For a start, just calm down. It is quite understandable that this will take more than one day. You need to rethink well, analyze everything that happened. And only then can you start thinking about how to proceed.

Step 2

It is quite understandable that an extremely close person whom you know well can commit a betrayal of any kind. Therefore, if in the depths of your soul you have the idea that betrayal may be worth forgetting, try to analyze the situation from the side of this person.

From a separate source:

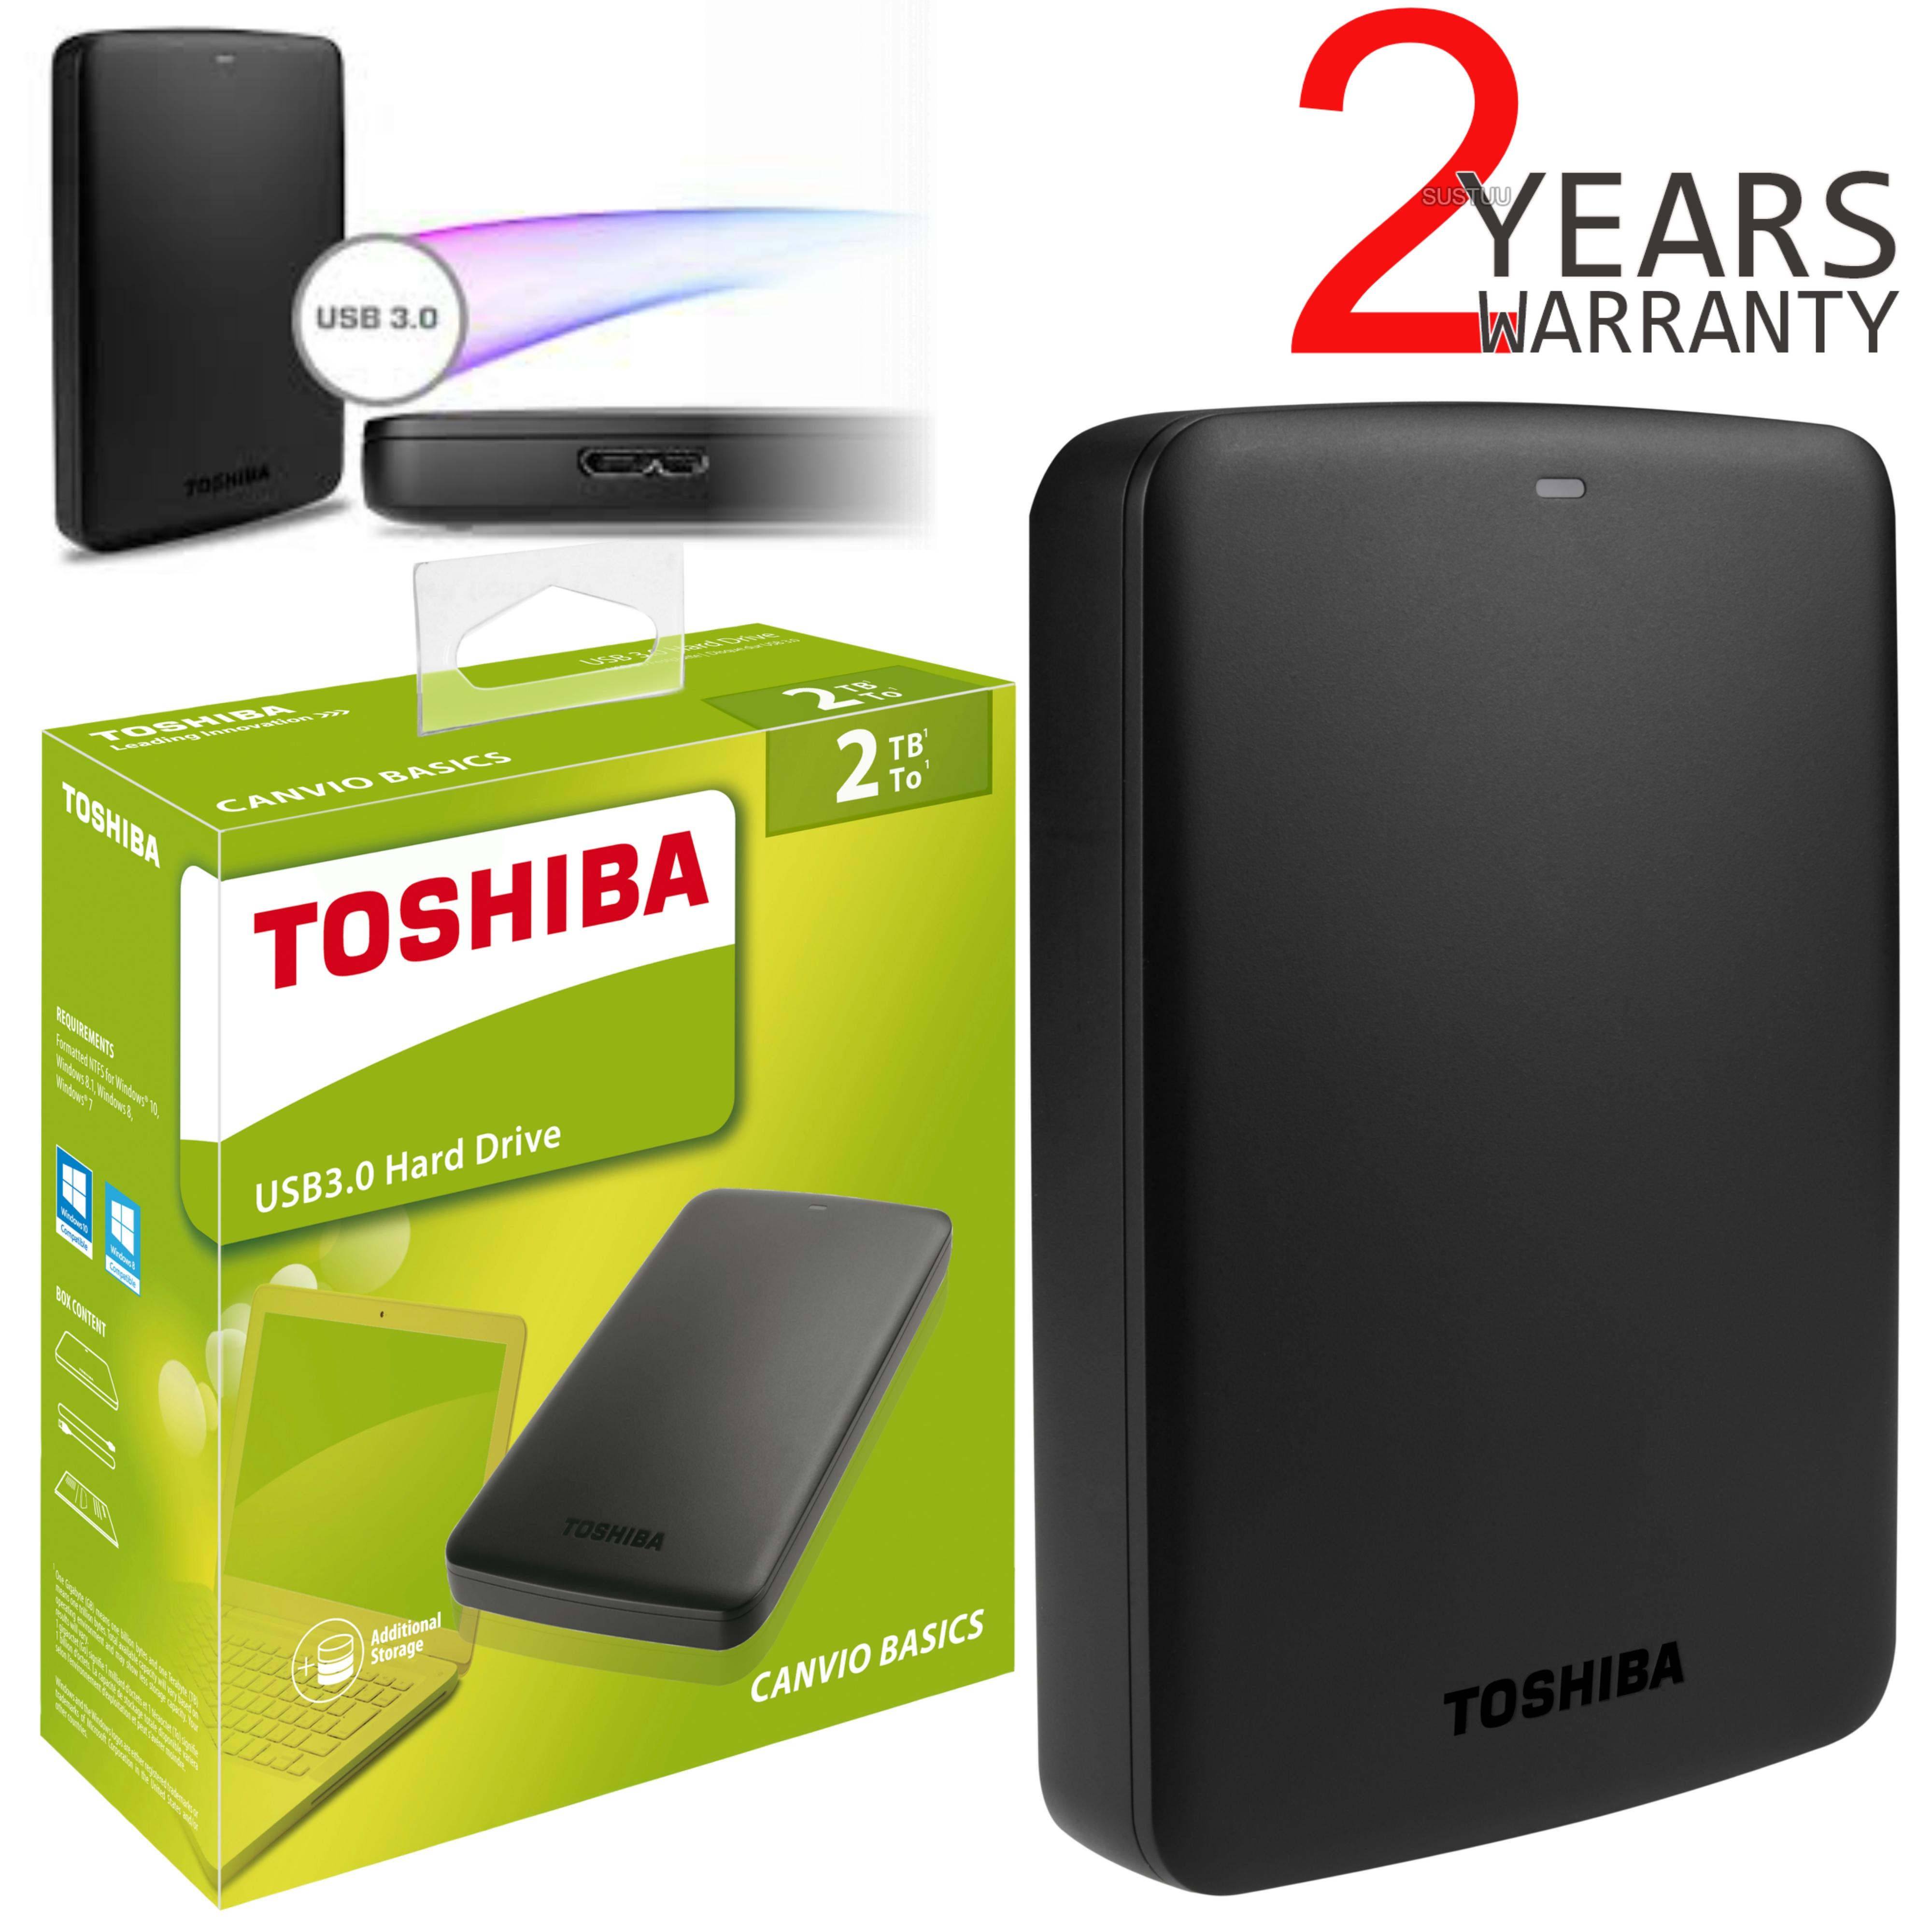 3ba50e7585a4 Toshiba 2TB External Hard Drive|Canvio Basics Portable|High Speed USB 3.0|2.5
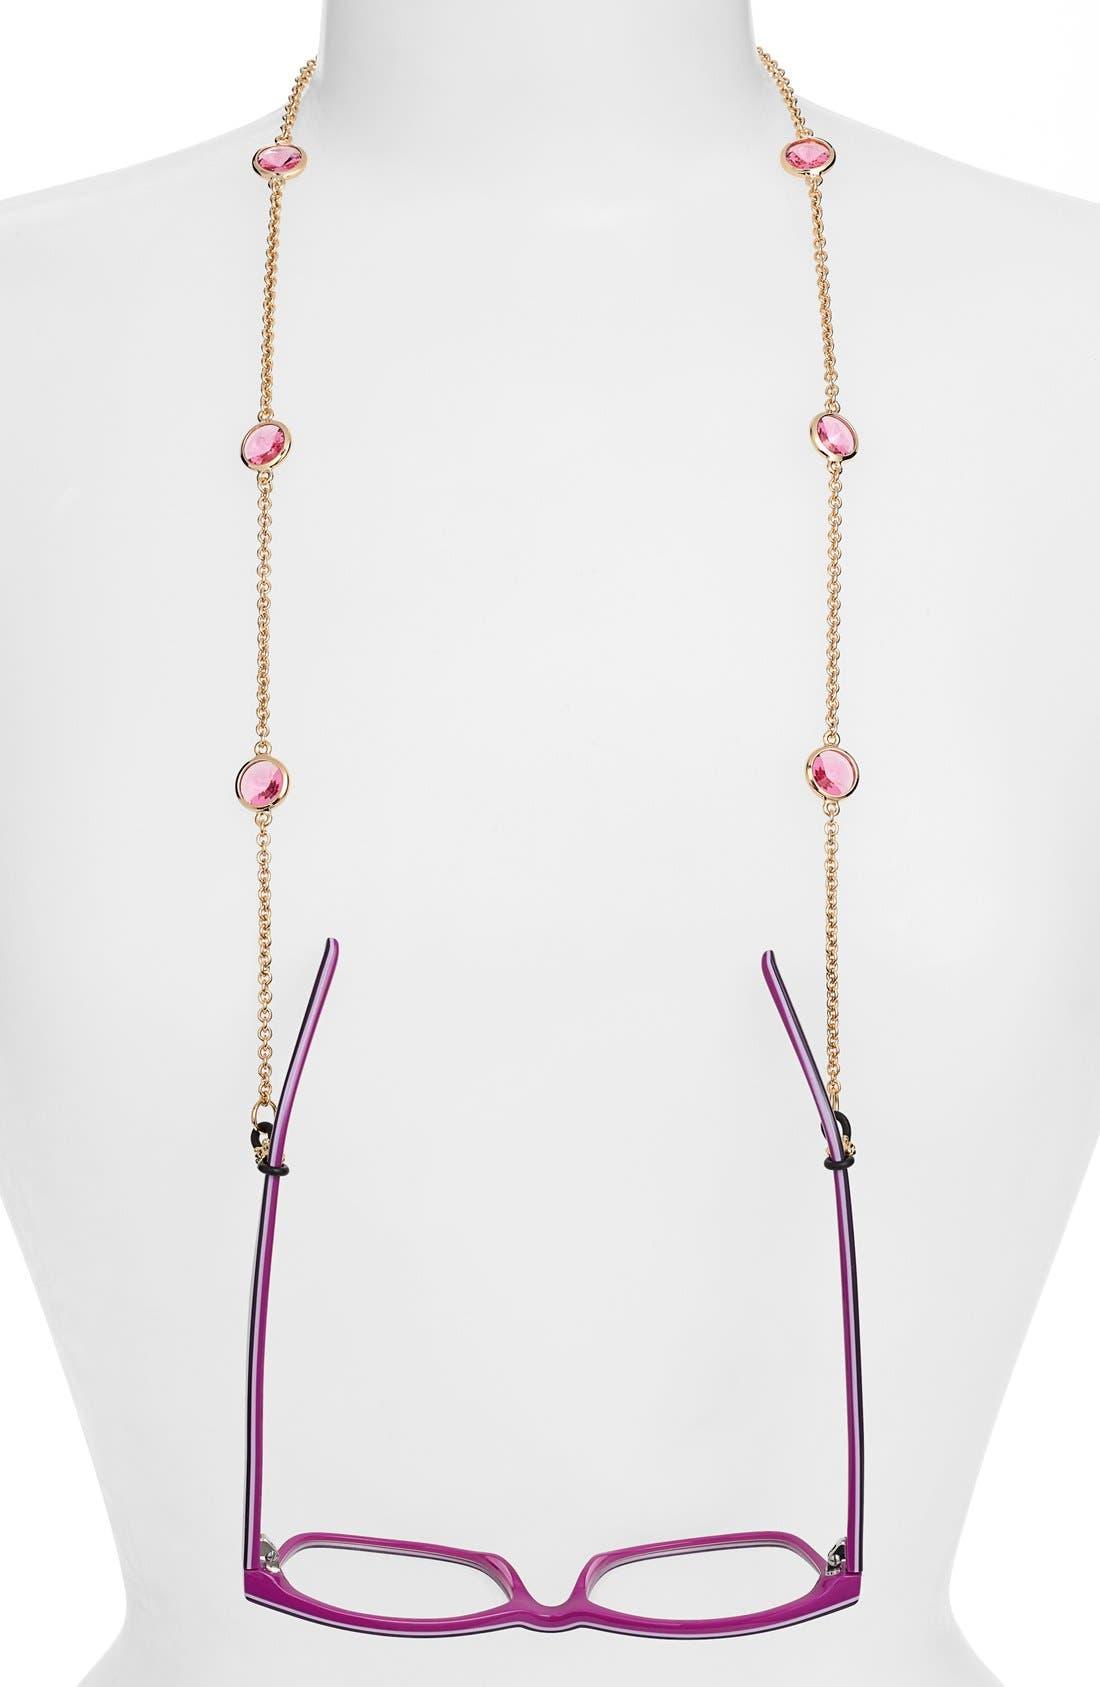 L. Erickson 'Charmer' Eyeglass Chain

Why did he do this? Should you have pinned certain hopes and expectations on him? And, perhaps, what happened is a chance to understand that without this person your life will be completely fulfilling and even brighter?

Step 3

Thinking about the betrayal of a loved one, try to understand whether it was a cold-blooded betrayal, or your loved one simply made a very unpleasant mistake. Psychologists say that most of these situations are caused by a banal human weakness. And weakness is a vice that can be forgiven. Moreover, forgiving weakness is much easier than malicious intent.

Step 4

Keep in mind that there is some part of your fault in what happened. After all, you yourself trusted this person, in fact, giving him freedom of action. He abused your trust - it means that you are not very good at understanding people. That is, you are also mistaken.

Step 5

In the process of reflection, try to sort out the betrayal and its consequences "on the shelves" - sometimes it helps a lot. What exactly gnaws at you the most - the betrayal itself, the feelings that flooded the field of how you learned about it, the forced change in relations with the person who betrayed you? Such psychological exercises will help you understand how to proceed and whether it is worth trying to forget an unpleasant event.